◆ **Exercise**
Write back every line of the listing exactly, excluding images.
START Recorded data
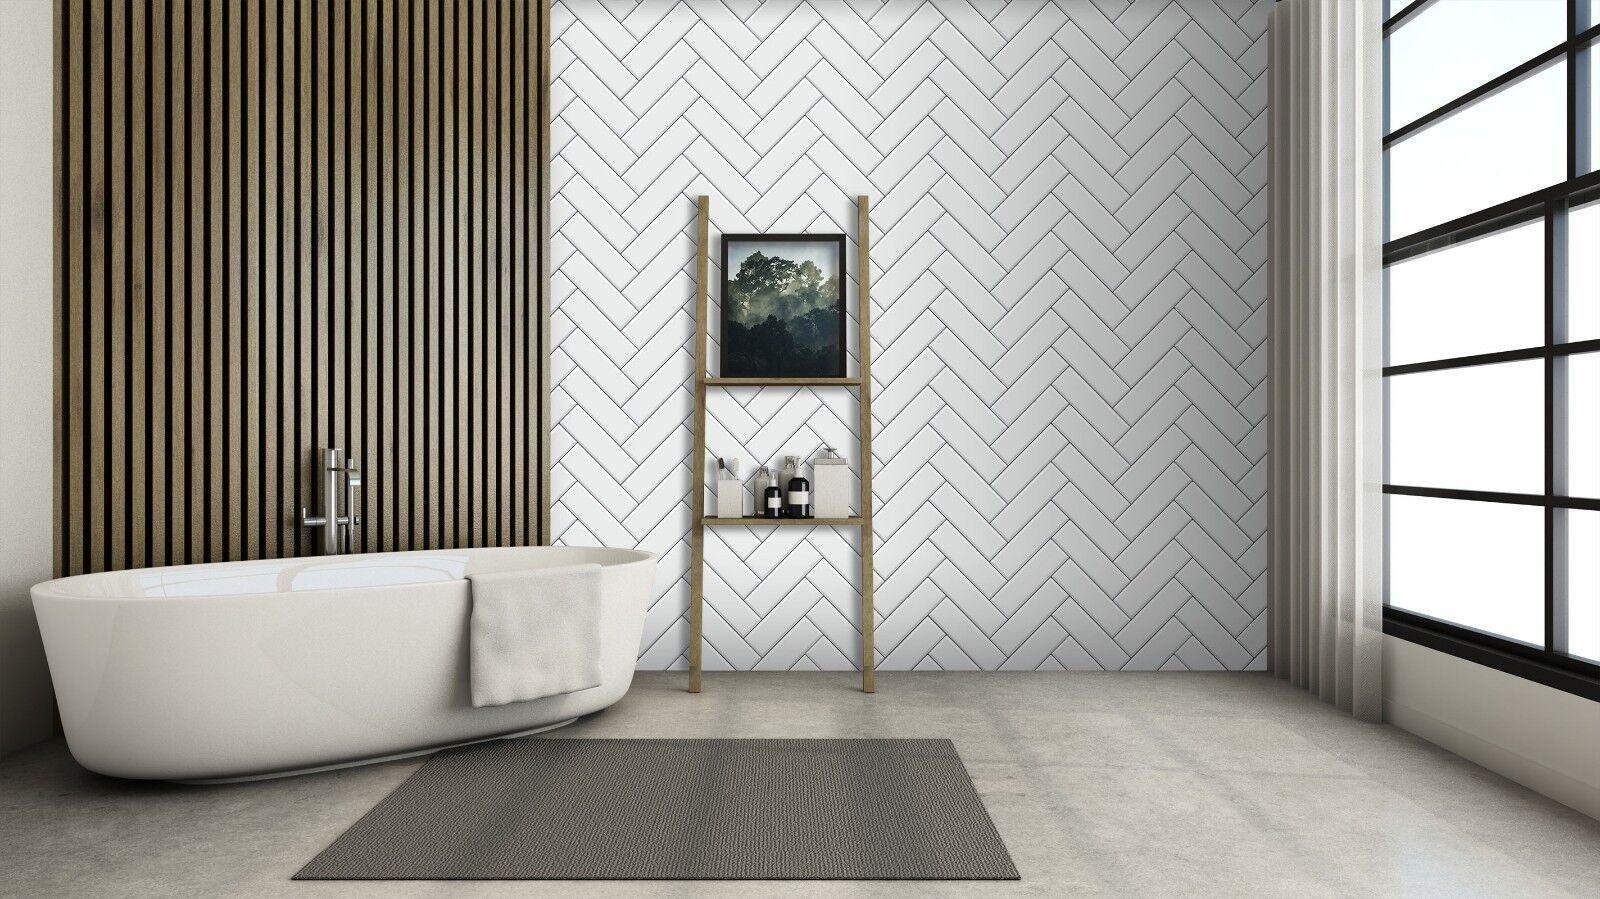 3D Kreuz Ziegel Wave 78 Textur Fliesen Marmor Tapeten Abziehbild Tapete Wandbild
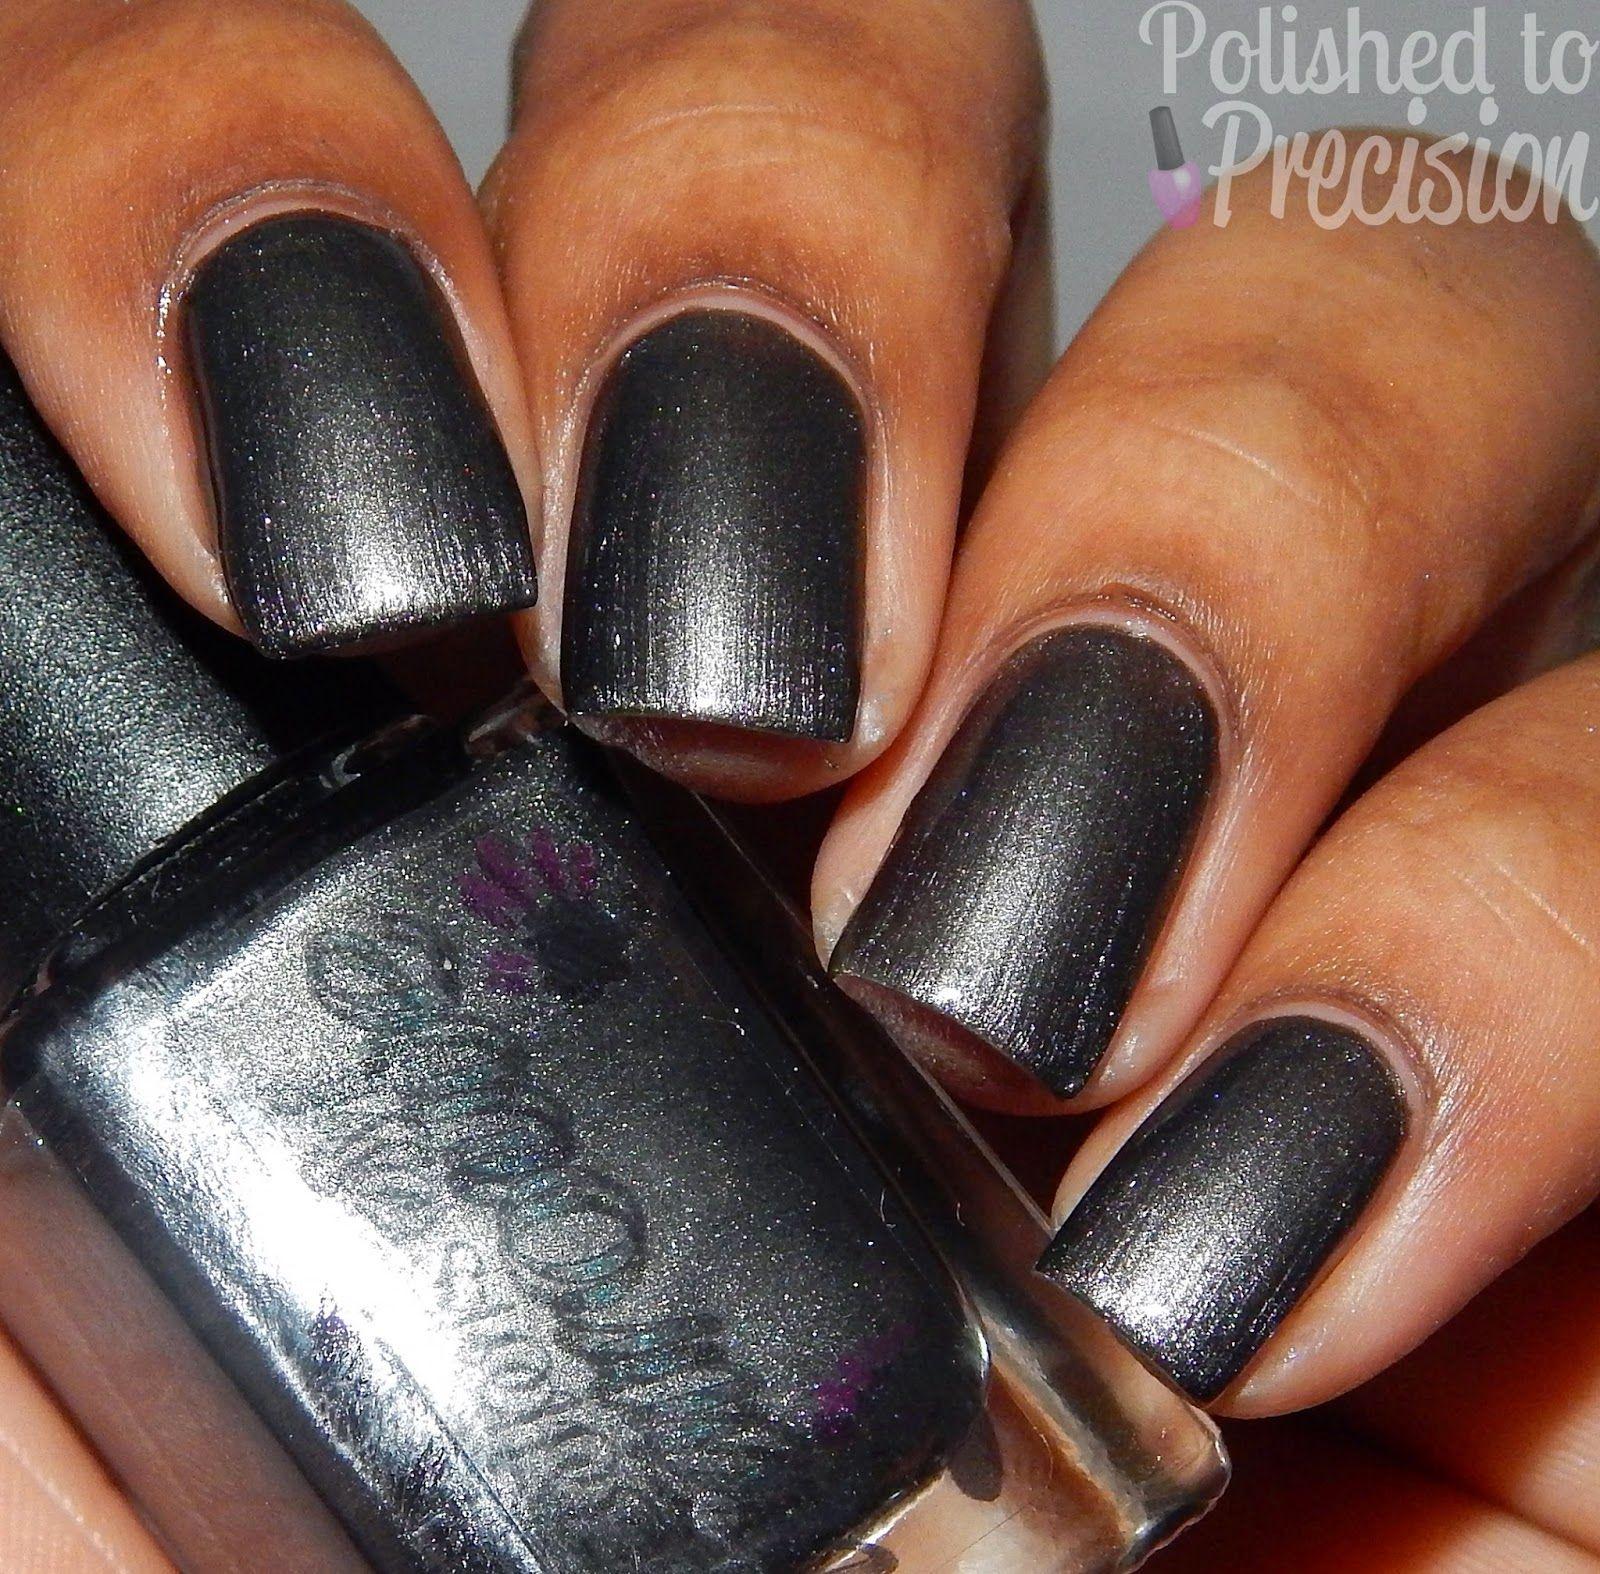 CBL Mystique - sw on nail ring - $5
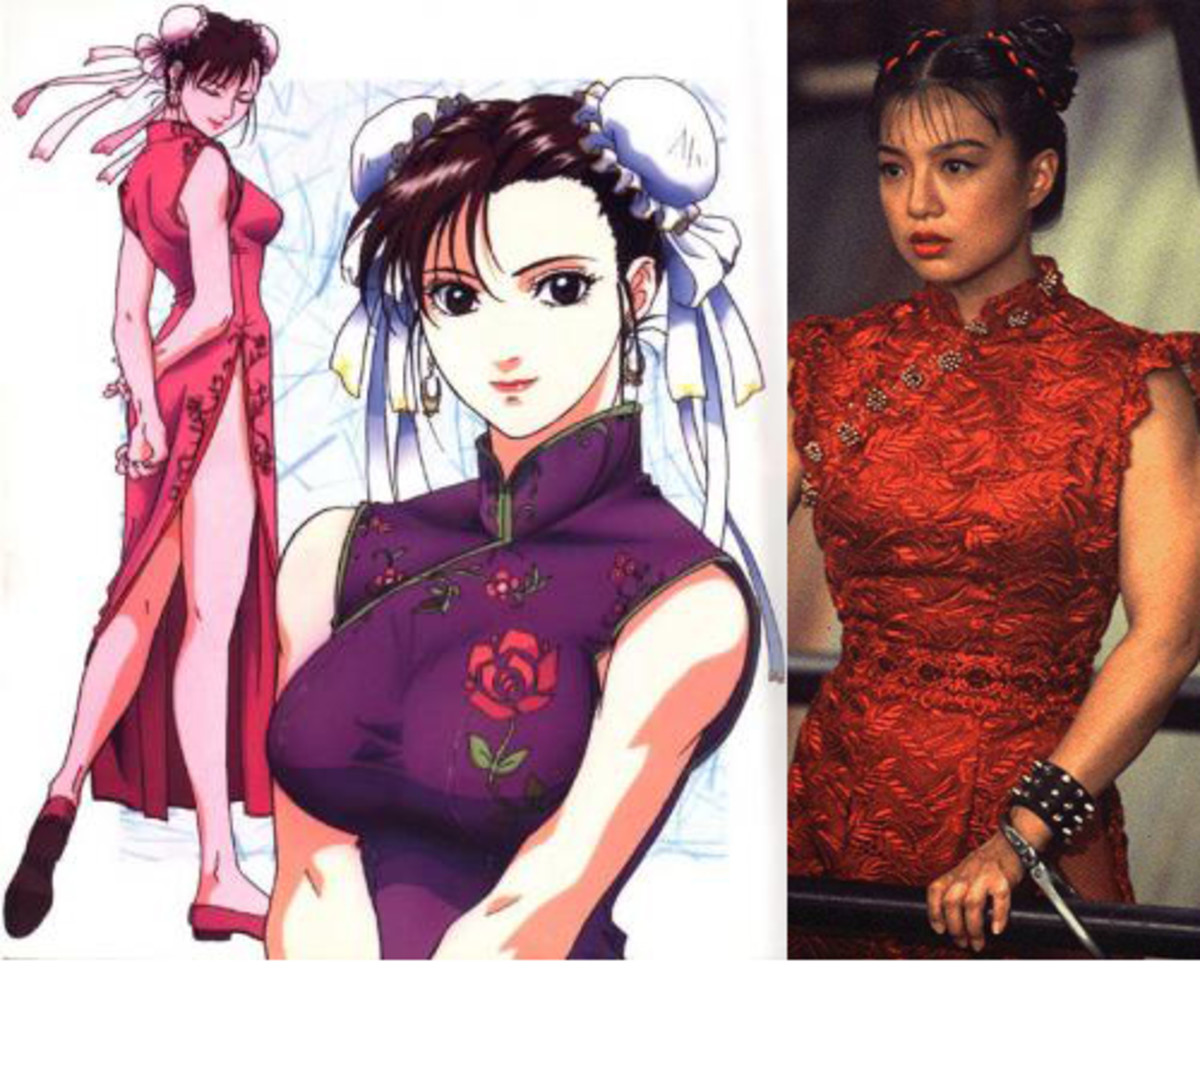 Chun Li, Street Fighter from Capcom, played by Ming Na
END Recorded data
◆ **Result for this exercise**
 3D Kreuz Ziegel Wave 78 Textur Fliesen Marmor Tapeten Abziehbild Tapete Wandbild
 CBL Mystique - sw on nail ring - $5
 Chun Li, Street Fighter from Capcom, played by Ming Na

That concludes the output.